**TASK DESCRIPTION:** With the pictures omitted, print exactly the lines below, from the one containing "Mosha Variable Semi Bold Italic image" through the one containing "Οι συνεδρίες με", and nothing else.

**RECORDS FOR THIS EXERCISE:**
———
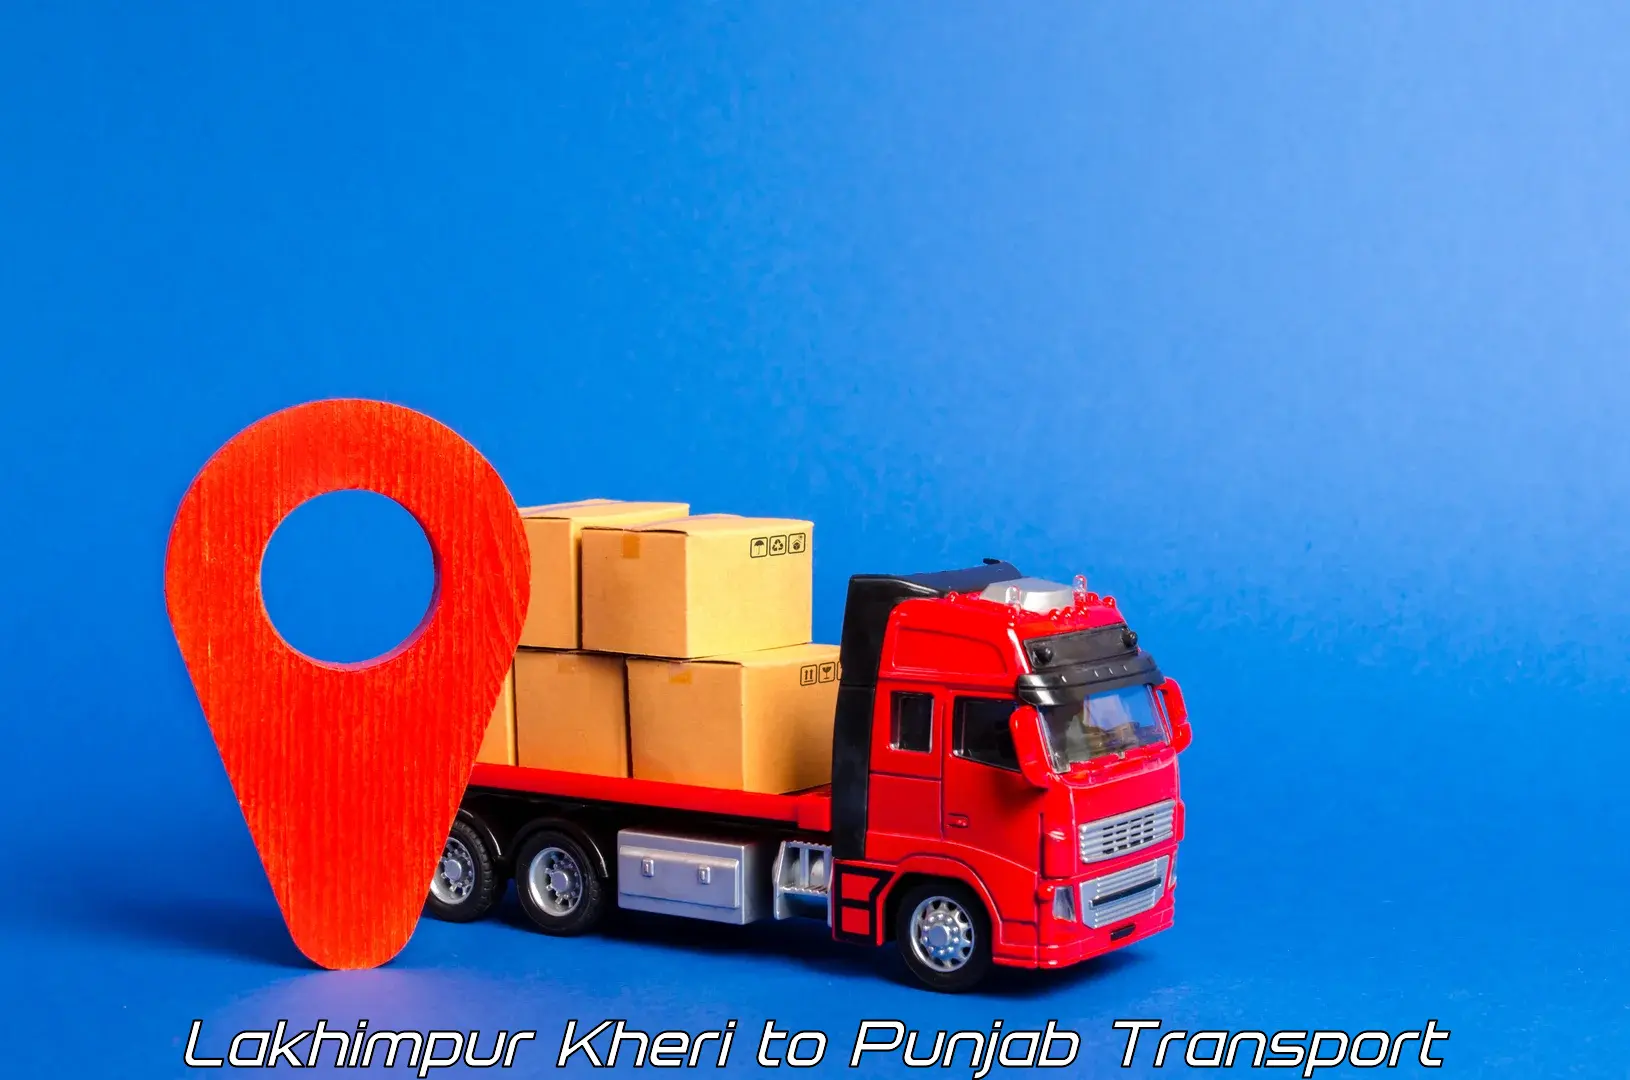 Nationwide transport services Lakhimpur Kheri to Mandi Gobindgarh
———
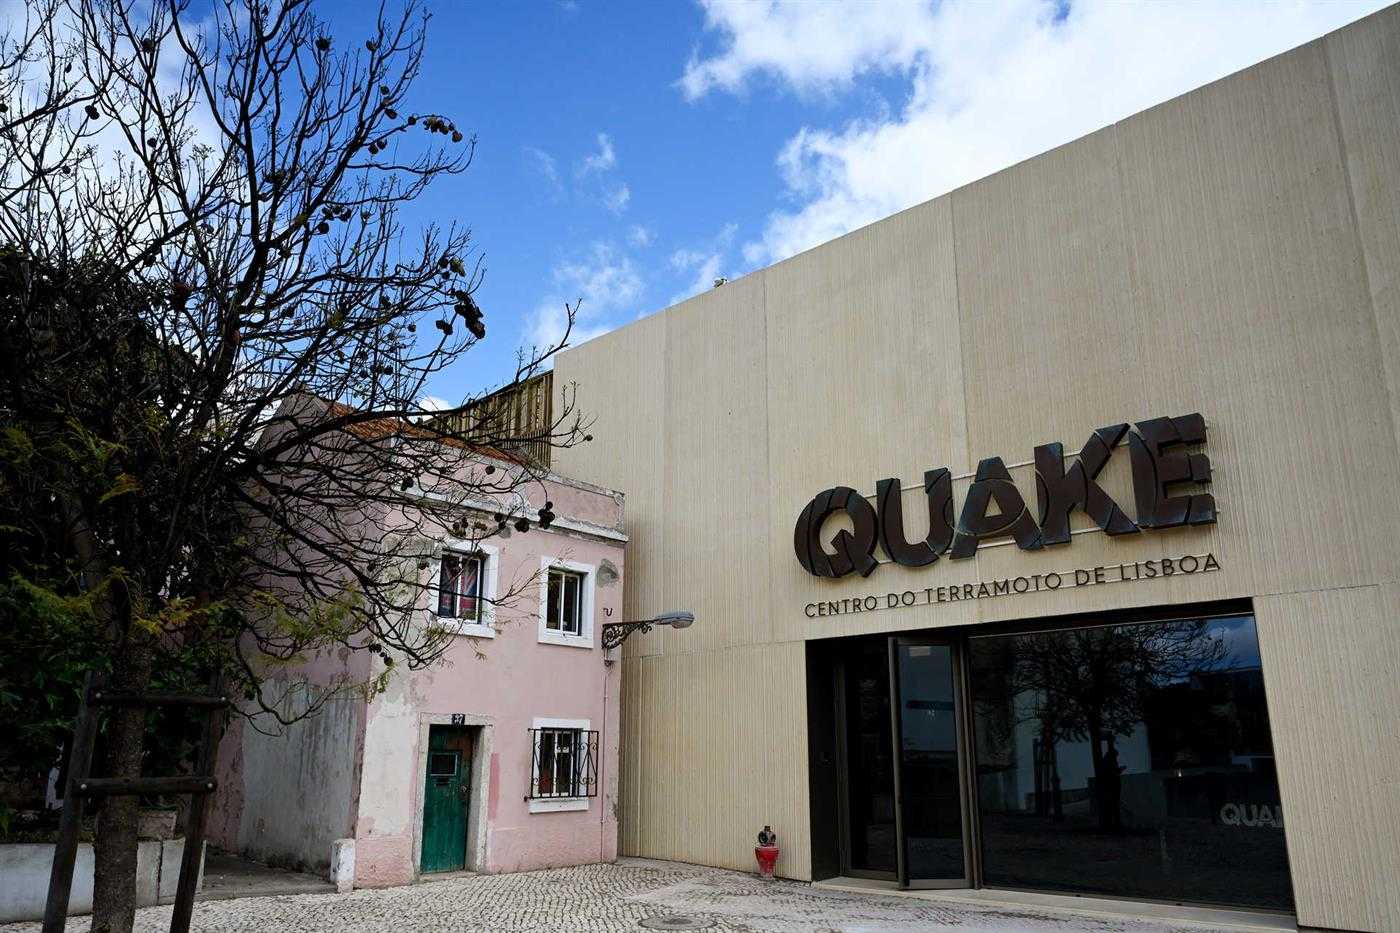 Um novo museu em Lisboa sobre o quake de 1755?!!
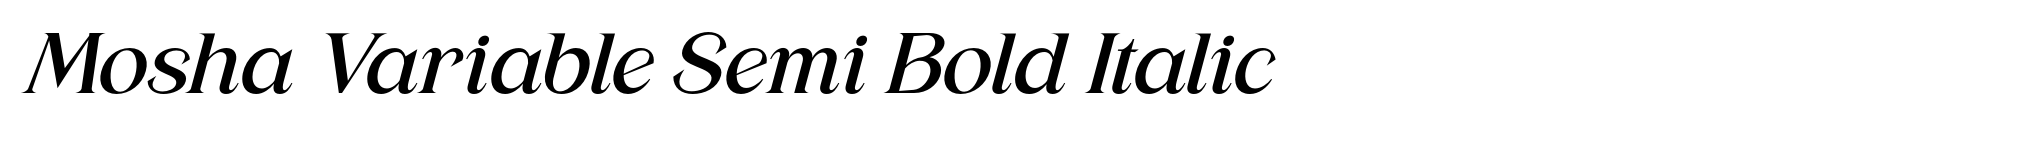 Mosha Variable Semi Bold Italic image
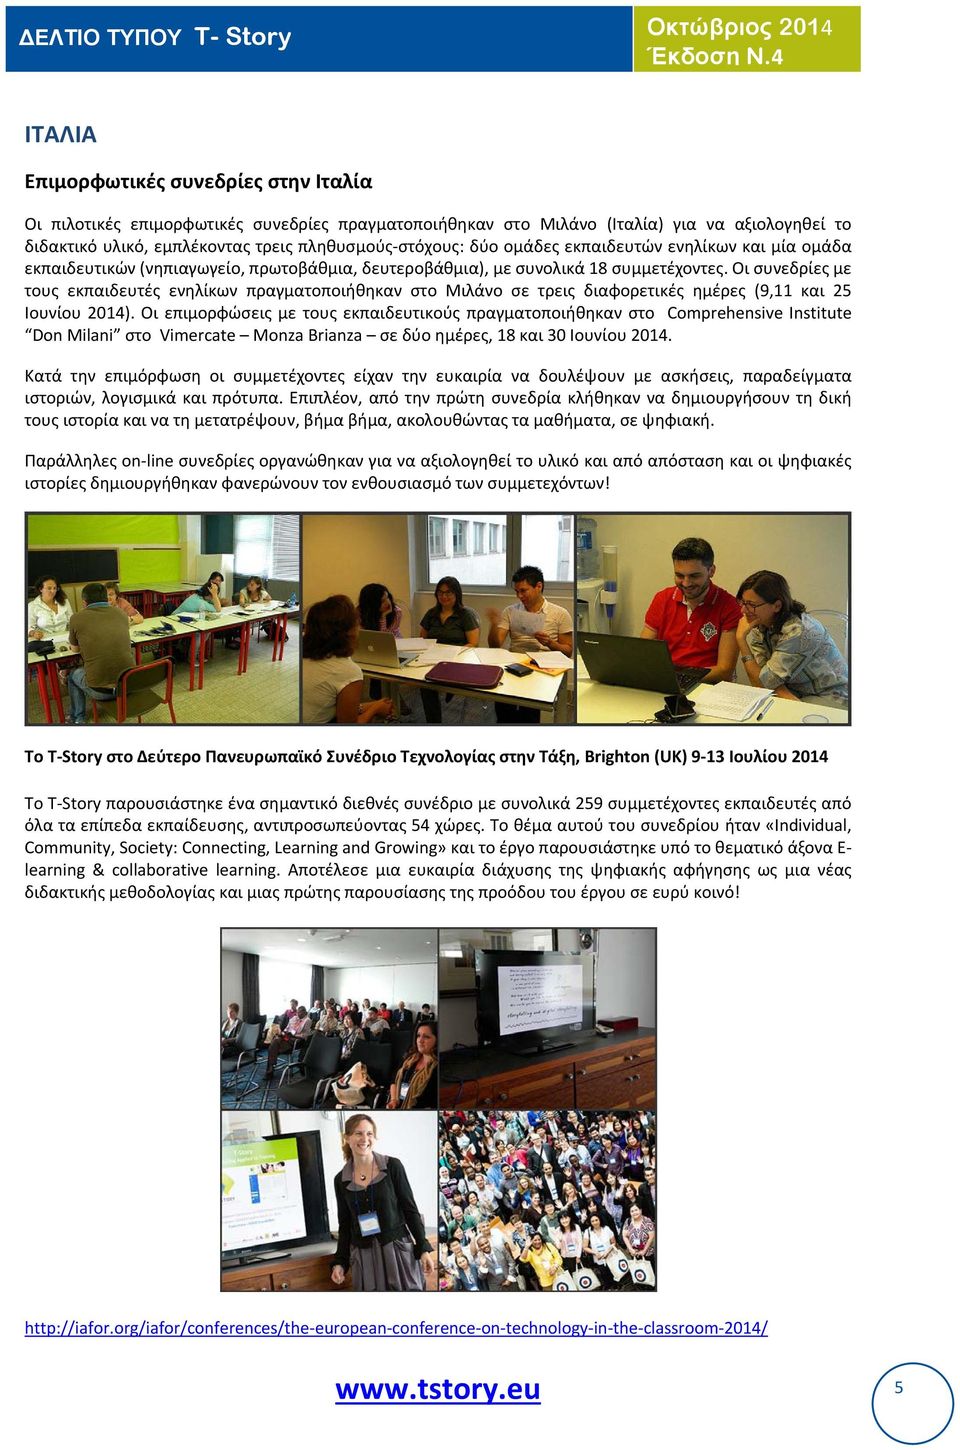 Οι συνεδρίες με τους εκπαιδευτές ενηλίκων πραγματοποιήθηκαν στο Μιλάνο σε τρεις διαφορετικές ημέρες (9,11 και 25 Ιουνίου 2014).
———
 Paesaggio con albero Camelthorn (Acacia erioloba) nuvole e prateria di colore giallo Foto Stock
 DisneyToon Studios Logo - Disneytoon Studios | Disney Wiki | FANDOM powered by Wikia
———
**COMPLETED TASK:**
 Mosha Variable Semi Bold Italic image
 Οι συνεδρίες με τους εκπαιδευτές ενηλίκων πραγματοποιήθηκαν στο Μιλάνο σε τρεις διαφορετικές ημέρες (9,11 και 25 Ιουνίου 2014).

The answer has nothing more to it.